How to create a JWKS public/private key pair, similar to the one that can be created manually at https://mkjwk.org/, that includes the Key ID (kid) and Key Use (use)? I used the cryptography module for generating a RSA key pair and python-jose for extracting the keys as JWK, but the created keys do not include kid and use (unsurprisingly, as they haven't been specified anywhere).
Code:
from cryptography.hazmat.backends import default_backend
from cryptography.hazmat.primitives import serialization
from cryptography.hazmat.primitives.asymmetric import rsa
from jose import jwk, constants
import json
key = rsa.generate_private_key(
public_exponent=65537,
key_size=2048,
backend=default_backend()
)
public_key = key.public_key().public_bytes(
encoding=serialization.Encoding.PEM,
format=serialization.PublicFormat.SubjectPublicKeyInfo
)
private_key = key.private_bytes(
encoding=serialization.Encoding.PEM,
format=serialization.PrivateFormat.TraditionalOpenSSL,
encryption_algorithm=serialization.NoEncryption()
)
print(json.dumps(jwk.RSAKey(algorithm=constants.Algorithms.RS256, key=public_key.decode('utf-8')).to_dict()))
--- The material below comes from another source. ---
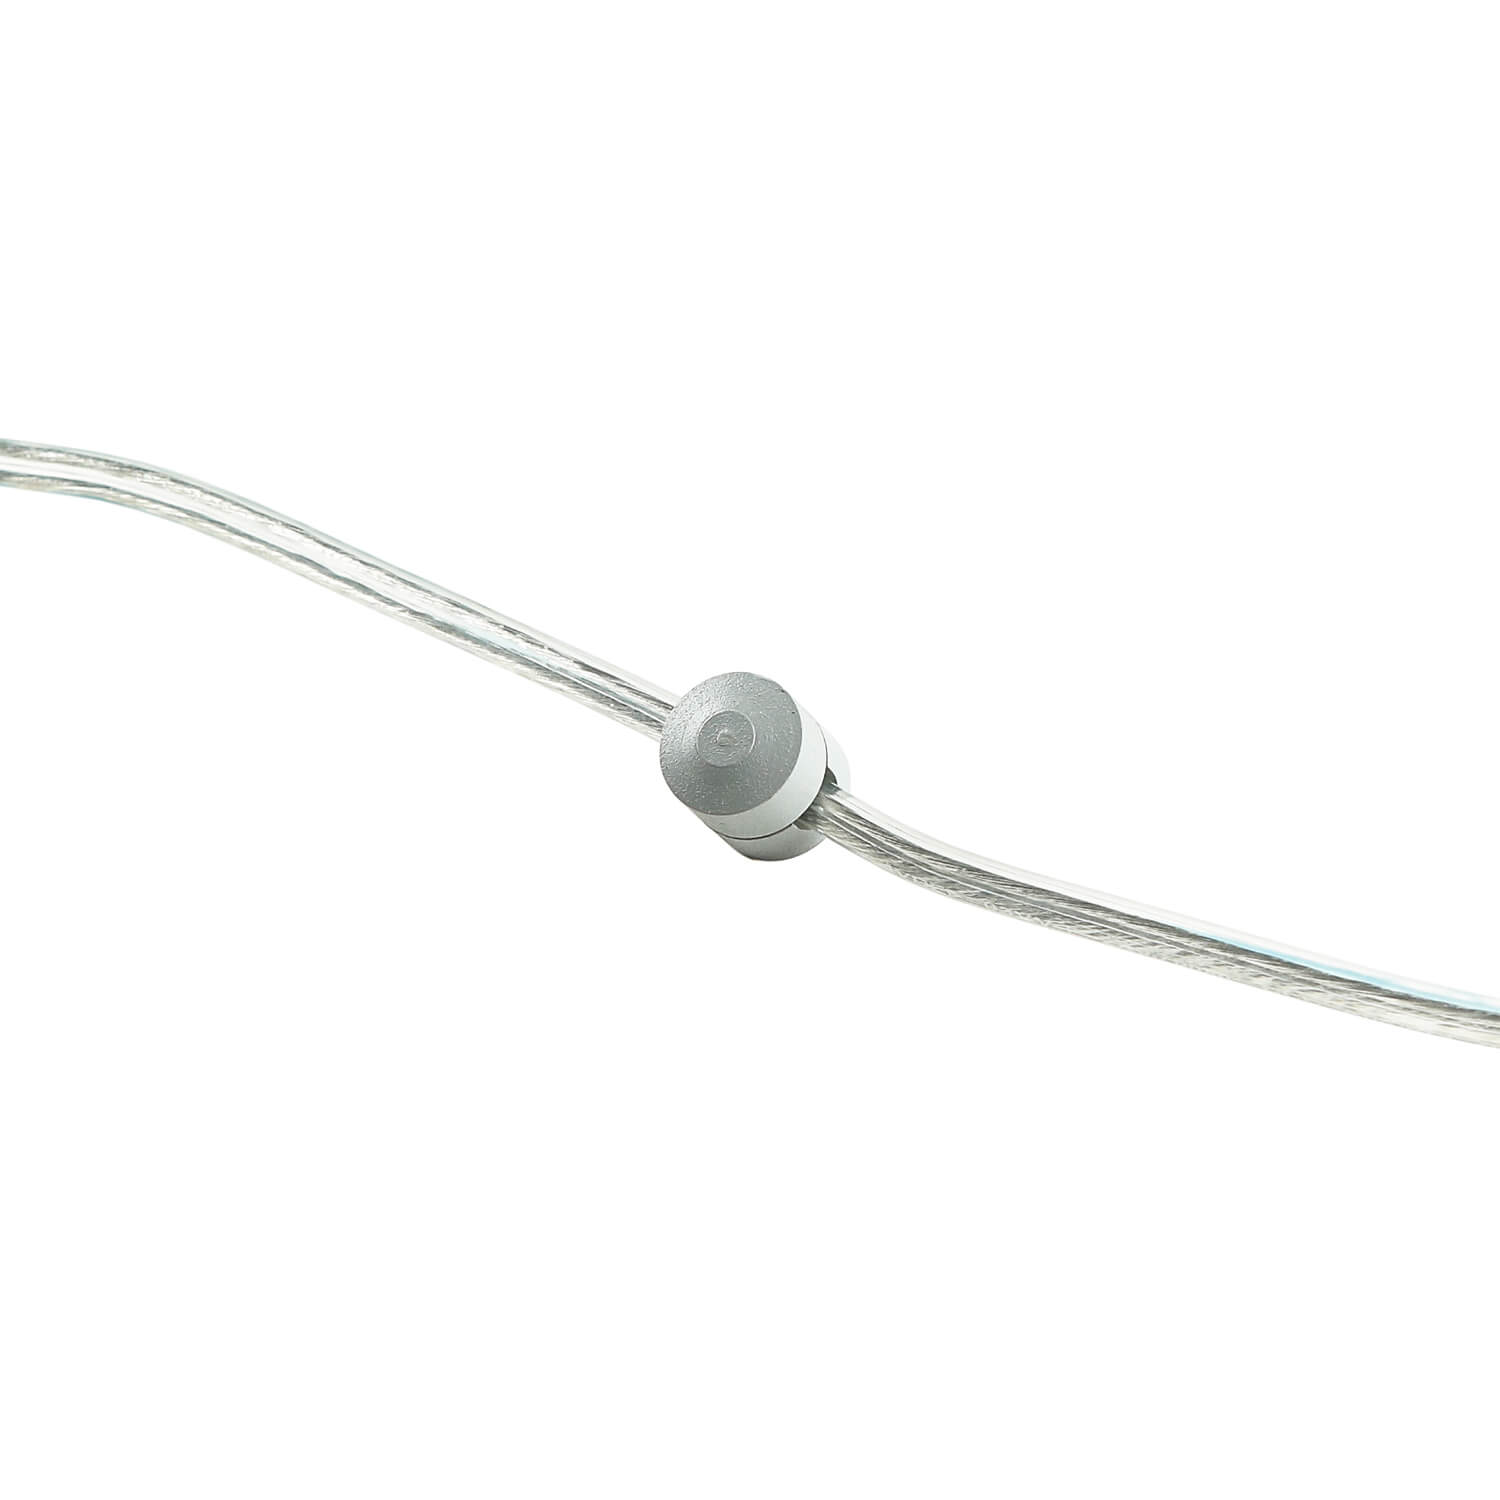 Hängelampe mit Stecker Kabel 5,5 m lang Grau flexibel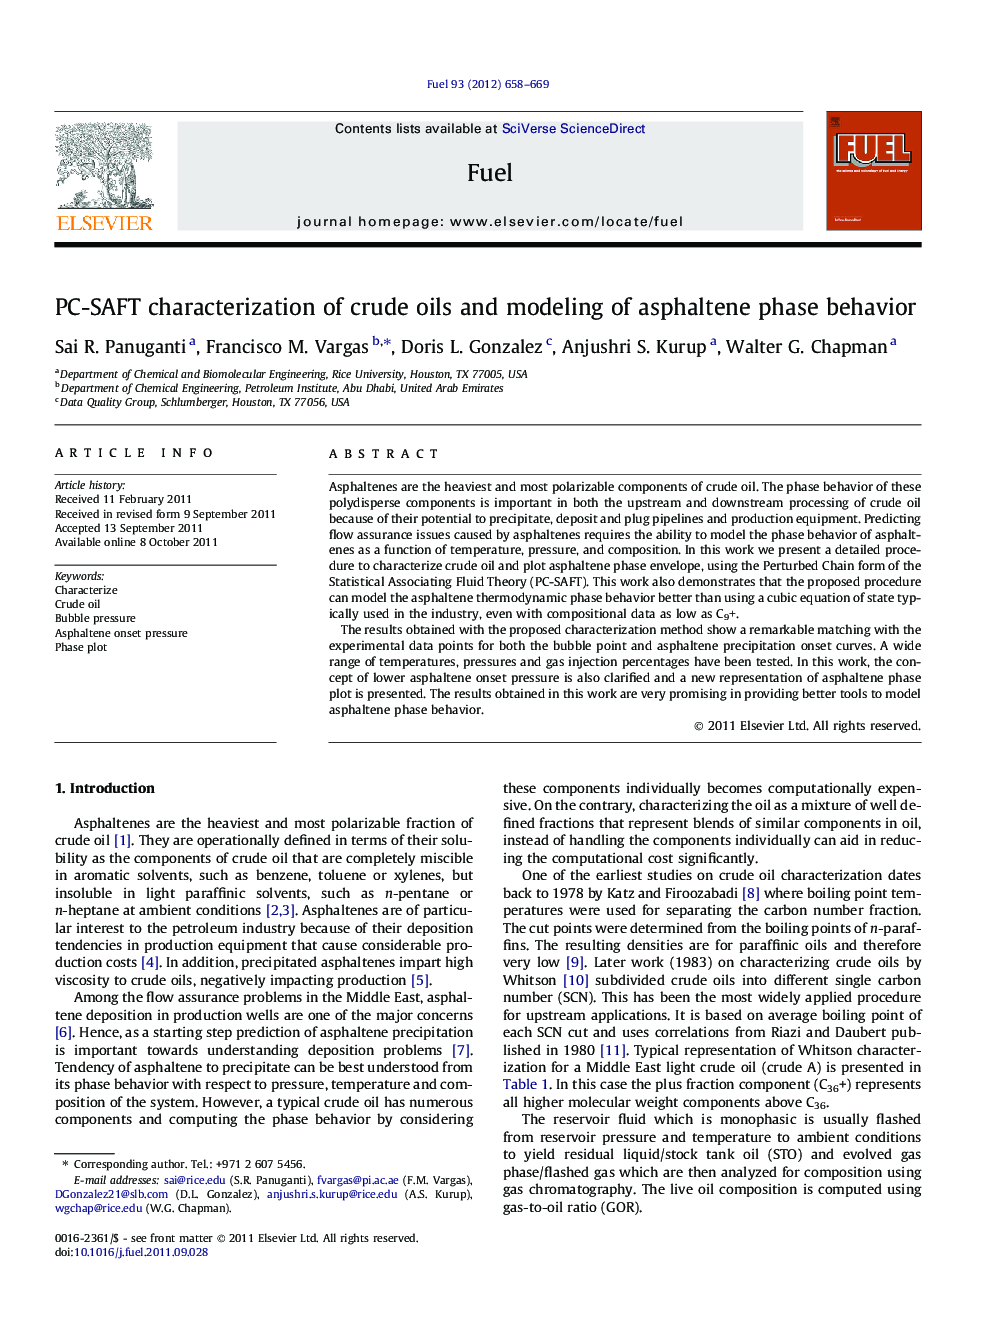 PC-SAFT characterization of crude oils and modeling of asphaltene phase behavior

print(json.dumps(jwk.RSAKey(algorithm=constants.Algorithms.RS256, key=private_key.decode('utf-8')).to_dict()))
Generated public key by above code snippet (no kid or use properties):
{
"alg": "RS256",
"kty": "RSA",
"n": "tqbcR_6JC....OKQ",
"e": "AQAB"
}
I believe kid is just a piece of metadata (any string) that is not being used in the process of generating the key.
In case of the use it is probably somewhat similar, though depending on the use you want different scheme for asymmetric cryptography (you can refer to the most well-known asymmetric cryptography system of RSA for both encryption and signing schemes' description).
All in all, you can most probably recreate the exact structure of JSON adding appropriate keys to JSON dict based on the information above.